*** Opening of Data ***

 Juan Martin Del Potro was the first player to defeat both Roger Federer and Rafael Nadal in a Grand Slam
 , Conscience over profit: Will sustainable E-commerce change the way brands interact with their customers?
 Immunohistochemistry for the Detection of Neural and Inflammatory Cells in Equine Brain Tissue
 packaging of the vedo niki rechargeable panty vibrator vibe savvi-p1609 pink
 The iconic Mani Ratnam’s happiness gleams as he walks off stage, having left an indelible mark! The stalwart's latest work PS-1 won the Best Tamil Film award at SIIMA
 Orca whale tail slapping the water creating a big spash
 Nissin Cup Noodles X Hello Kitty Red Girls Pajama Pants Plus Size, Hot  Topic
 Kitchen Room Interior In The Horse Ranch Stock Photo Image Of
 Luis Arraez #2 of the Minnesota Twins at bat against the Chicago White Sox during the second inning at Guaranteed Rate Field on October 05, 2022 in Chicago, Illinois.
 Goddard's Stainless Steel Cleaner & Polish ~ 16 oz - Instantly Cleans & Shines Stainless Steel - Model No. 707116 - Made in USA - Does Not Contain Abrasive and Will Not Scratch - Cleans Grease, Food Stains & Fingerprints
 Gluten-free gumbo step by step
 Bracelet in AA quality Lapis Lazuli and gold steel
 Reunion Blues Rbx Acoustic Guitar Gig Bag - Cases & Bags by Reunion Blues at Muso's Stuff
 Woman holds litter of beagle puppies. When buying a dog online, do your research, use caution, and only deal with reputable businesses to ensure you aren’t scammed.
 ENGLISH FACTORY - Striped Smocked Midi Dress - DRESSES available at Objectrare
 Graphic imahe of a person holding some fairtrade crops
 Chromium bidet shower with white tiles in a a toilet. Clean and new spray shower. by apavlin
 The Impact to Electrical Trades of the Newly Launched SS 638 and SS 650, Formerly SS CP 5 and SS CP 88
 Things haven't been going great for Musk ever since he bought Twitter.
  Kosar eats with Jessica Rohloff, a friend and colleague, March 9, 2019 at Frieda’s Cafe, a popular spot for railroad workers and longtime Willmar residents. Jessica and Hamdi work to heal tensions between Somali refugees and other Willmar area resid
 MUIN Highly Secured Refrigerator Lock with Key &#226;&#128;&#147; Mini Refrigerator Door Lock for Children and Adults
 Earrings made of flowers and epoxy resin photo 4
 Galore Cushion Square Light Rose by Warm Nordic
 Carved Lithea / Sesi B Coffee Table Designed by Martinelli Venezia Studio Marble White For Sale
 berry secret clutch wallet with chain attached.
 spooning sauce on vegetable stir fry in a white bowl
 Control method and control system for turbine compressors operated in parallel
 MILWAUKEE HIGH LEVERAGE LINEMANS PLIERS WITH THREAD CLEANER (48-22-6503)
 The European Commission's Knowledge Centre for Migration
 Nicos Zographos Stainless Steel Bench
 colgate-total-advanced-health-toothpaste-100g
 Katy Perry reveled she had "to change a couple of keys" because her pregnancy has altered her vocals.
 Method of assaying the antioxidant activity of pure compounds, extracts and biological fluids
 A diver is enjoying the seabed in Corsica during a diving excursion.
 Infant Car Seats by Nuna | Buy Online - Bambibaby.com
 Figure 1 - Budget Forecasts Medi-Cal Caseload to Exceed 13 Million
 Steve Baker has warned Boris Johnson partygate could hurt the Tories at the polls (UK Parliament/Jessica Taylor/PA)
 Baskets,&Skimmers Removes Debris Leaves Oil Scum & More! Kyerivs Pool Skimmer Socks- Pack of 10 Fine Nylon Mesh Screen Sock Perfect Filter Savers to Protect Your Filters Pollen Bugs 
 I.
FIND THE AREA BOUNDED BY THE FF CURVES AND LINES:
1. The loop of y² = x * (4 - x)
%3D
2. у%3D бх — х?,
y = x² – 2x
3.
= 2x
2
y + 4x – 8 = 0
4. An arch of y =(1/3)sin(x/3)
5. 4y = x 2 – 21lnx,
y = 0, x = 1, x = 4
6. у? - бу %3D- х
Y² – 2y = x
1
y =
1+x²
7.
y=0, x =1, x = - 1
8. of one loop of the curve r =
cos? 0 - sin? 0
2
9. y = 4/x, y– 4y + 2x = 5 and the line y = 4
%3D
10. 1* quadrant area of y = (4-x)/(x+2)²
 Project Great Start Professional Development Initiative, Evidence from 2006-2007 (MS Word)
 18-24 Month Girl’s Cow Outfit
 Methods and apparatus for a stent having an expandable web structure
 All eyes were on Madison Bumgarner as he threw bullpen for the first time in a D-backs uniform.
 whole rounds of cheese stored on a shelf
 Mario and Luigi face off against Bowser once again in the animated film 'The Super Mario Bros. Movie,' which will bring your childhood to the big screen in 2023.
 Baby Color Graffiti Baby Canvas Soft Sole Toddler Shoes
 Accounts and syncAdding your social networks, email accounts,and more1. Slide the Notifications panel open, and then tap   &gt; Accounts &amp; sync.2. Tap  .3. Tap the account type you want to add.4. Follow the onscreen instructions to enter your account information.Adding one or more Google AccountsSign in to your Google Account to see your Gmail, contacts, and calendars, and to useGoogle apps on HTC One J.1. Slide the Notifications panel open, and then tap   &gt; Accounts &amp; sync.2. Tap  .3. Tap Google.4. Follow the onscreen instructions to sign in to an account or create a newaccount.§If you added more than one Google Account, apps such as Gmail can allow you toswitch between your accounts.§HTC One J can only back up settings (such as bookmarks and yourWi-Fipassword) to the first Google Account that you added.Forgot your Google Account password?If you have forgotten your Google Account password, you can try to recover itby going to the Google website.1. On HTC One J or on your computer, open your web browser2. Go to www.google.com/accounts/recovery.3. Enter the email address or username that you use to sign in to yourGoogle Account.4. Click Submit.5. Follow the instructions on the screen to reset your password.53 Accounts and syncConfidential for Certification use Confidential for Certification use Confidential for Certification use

*** Close of Data ***

* **Problem details**
Pull out each record as written and restate it exactly.

* **Response area**
 Juan Martin Del Potro was the first player to defeat both Roger Federer and Rafael Nadal in a Grand Slam
 , Conscience over profit: Will sustainable E-commerce change the way brands interact with their customers?
 Immunohistochemistry for the Detection of Neural and Inflammatory Cells in Equine Brain Tissue
 packaging of the vedo niki rechargeable panty vibrator vibe savvi-p1609 pink
 The iconic Mani Ratnam’s happiness gleams as he walks off stage, having left an indelible mark! The stalwart's latest work PS-1 won the Best Tamil Film award at SIIMA
 Orca whale tail slapping the water creating a big spash
 Nissin Cup Noodles X Hello Kitty Red Girls Pajama Pants Plus Size, Hot  Topic
 Kitchen Room Interior In The Horse Ranch Stock Photo Image Of
 Luis Arraez #2 of the Minnesota Twins at bat against the Chicago White Sox during the second inning at Guaranteed Rate Field on October 05, 2022 in Chicago, Illinois.
 Goddard's Stainless Steel Cleaner & Polish ~ 16 oz - Instantly Cleans & Shines Stainless Steel - Model No. 707116 - Made in USA - Does Not Contain Abrasive and Will Not Scratch - Cleans Grease, Food Stains & Fingerprints
 Gluten-free gumbo step by step
 Bracelet in AA quality Lapis Lazuli and gold steel
 Reunion Blues Rbx Acoustic Guitar Gig Bag - Cases & Bags by Reunion Blues at Muso's Stuff
 Woman holds litter of beagle puppies. When buying a dog online, do your research, use caution, and only deal with reputable businesses to ensure you aren’t scammed.
 ENGLISH FACTORY - Striped Smocked Midi Dress - DRESSES available at Objectrare
 Graphic imahe of a person holding some fairtrade crops
 Chromium bidet shower with white tiles in a a toilet. Clean and new spray shower. by apavlin
 The Impact to Electrical Trades of the Newly Launched SS 638 and SS 650, Formerly SS CP 5 and SS CP 88
 Things haven't been going great for Musk ever since he bought Twitter.
  Kosar eats with Jessica Rohloff, a friend and colleague, March 9, 2019 at Frieda’s Cafe, a popular spot for railroad workers and longtime Willmar residents. Jessica and Hamdi work to heal tensions between Somali refugees and other Willmar area resid
 MUIN Highly Secured Refrigerator Lock with Key &#226;&#128;&#147; Mini Refrigerator Door Lock for Children and Adults
 Earrings made of flowers and epoxy resin photo 4
 Galore Cushion Square Light Rose by Warm Nordic
 Carved Lithea / Sesi B Coffee Table Designed by Martinelli Venezia Studio Marble White For Sale
 berry secret clutch wallet with chain attached.
 spooning sauce on vegetable stir fry in a white bowl
 Control method and control system for turbine compressors operated in parallel
 MILWAUKEE HIGH LEVERAGE LINEMANS PLIERS WITH THREAD CLEANER (48-22-6503)
 The European Commission's Knowledge Centre for Migration
 Nicos Zographos Stainless Steel Bench
 colgate-total-advanced-health-toothpaste-100g
 Katy Perry reveled she had "to change a couple of keys" because her pregnancy has altered her vocals.
 Method of assaying the antioxidant activity of pure compounds, extracts and biological fluids
 A diver is enjoying the seabed in Corsica during a diving excursion.
 Infant Car Seats by Nuna | Buy Online - Bambibaby.com
 Figure 1 - Budget Forecasts Medi-Cal Caseload to Exceed 13 Million
 Steve Baker has warned Boris Johnson partygate could hurt the Tories at the polls (UK Parliament/Jessica Taylor/PA)
 Baskets,&Skimmers Removes Debris Leaves Oil Scum & More! Kyerivs Pool Skimmer Socks- Pack of 10 Fine Nylon Mesh Screen Sock Perfect Filter Savers to Protect Your Filters Pollen Bugs 
 I.
FIND THE AREA BOUNDED BY THE FF CURVES AND LINES:
1. The loop of y² = x * (4 - x)
%3D
2. у%3D бх — х?,
y = x² – 2x
3.
= 2x
2
y + 4x – 8 = 0
4. An arch of y =(1/3)sin(x/3)
5. 4y = x 2 – 21lnx,
y = 0, x = 1, x = 4
6. у? - бу %3D- х
Y² – 2y = x
1
y =
1+x²
7.
y=0, x =1, x = - 1
8. of one loop of the curve r =
cos? 0 - sin? 0
2
9. y = 4/x, y– 4y + 2x = 5 and the line y = 4
%3D
10. 1* quadrant area of y = (4-x)/(x+2)²
 Project Great Start Professional Development Initiative, Evidence from 2006-2007 (MS Word)
 18-24 Month Girl’s Cow Outfit
 Methods and apparatus for a stent having an expandable web structure
 All eyes were on Madison Bumgarner as he threw bullpen for the first time in a D-backs uniform.
 whole rounds of cheese stored on a shelf
 Mario and Luigi face off against Bowser once again in the animated film 'The Super Mario Bros. Movie,' which will bring your childhood to the big screen in 2023.
 Baby Color Graffiti Baby Canvas Soft Sole Toddler Shoes
 Accounts and syncAdding your social networks, email accounts,and more1. Slide the Notifications panel open, and then tap   &gt; Accounts &amp; sync.2. Tap  .3. Tap the account type you want to add.4. Follow the onscreen instructions to enter your account information.Adding one or more Google AccountsSign in to your Google Account to see your Gmail, contacts, and calendars, and to useGoogle apps on HTC One J.1. Slide the Notifications panel open, and then tap   &gt; Accounts &amp; sync.2. Tap  .3. Tap Google.4. Follow the onscreen instructions to sign in to an account or create a newaccount.§If you added more than one Google Account, apps such as Gmail can allow you toswitch between your accounts.§HTC One J can only back up settings (such as bookmarks and yourWi-Fipassword) to the first Google Account that you added.Forgot your Google Account password?If you have forgotten your Google Account password, you can try to recover itby going to the Google website.1. On HTC One J or on your computer, open your web browser2. Go to www.google.com/accounts/recovery.3. Enter the email address or username that you use to sign in to yourGoogle Account.4. Click Submit.5. Follow the instructions on the screen to reset your password.53 Accounts and syncConfidential for Certification use Confidential for Certification use Confidential for Certification use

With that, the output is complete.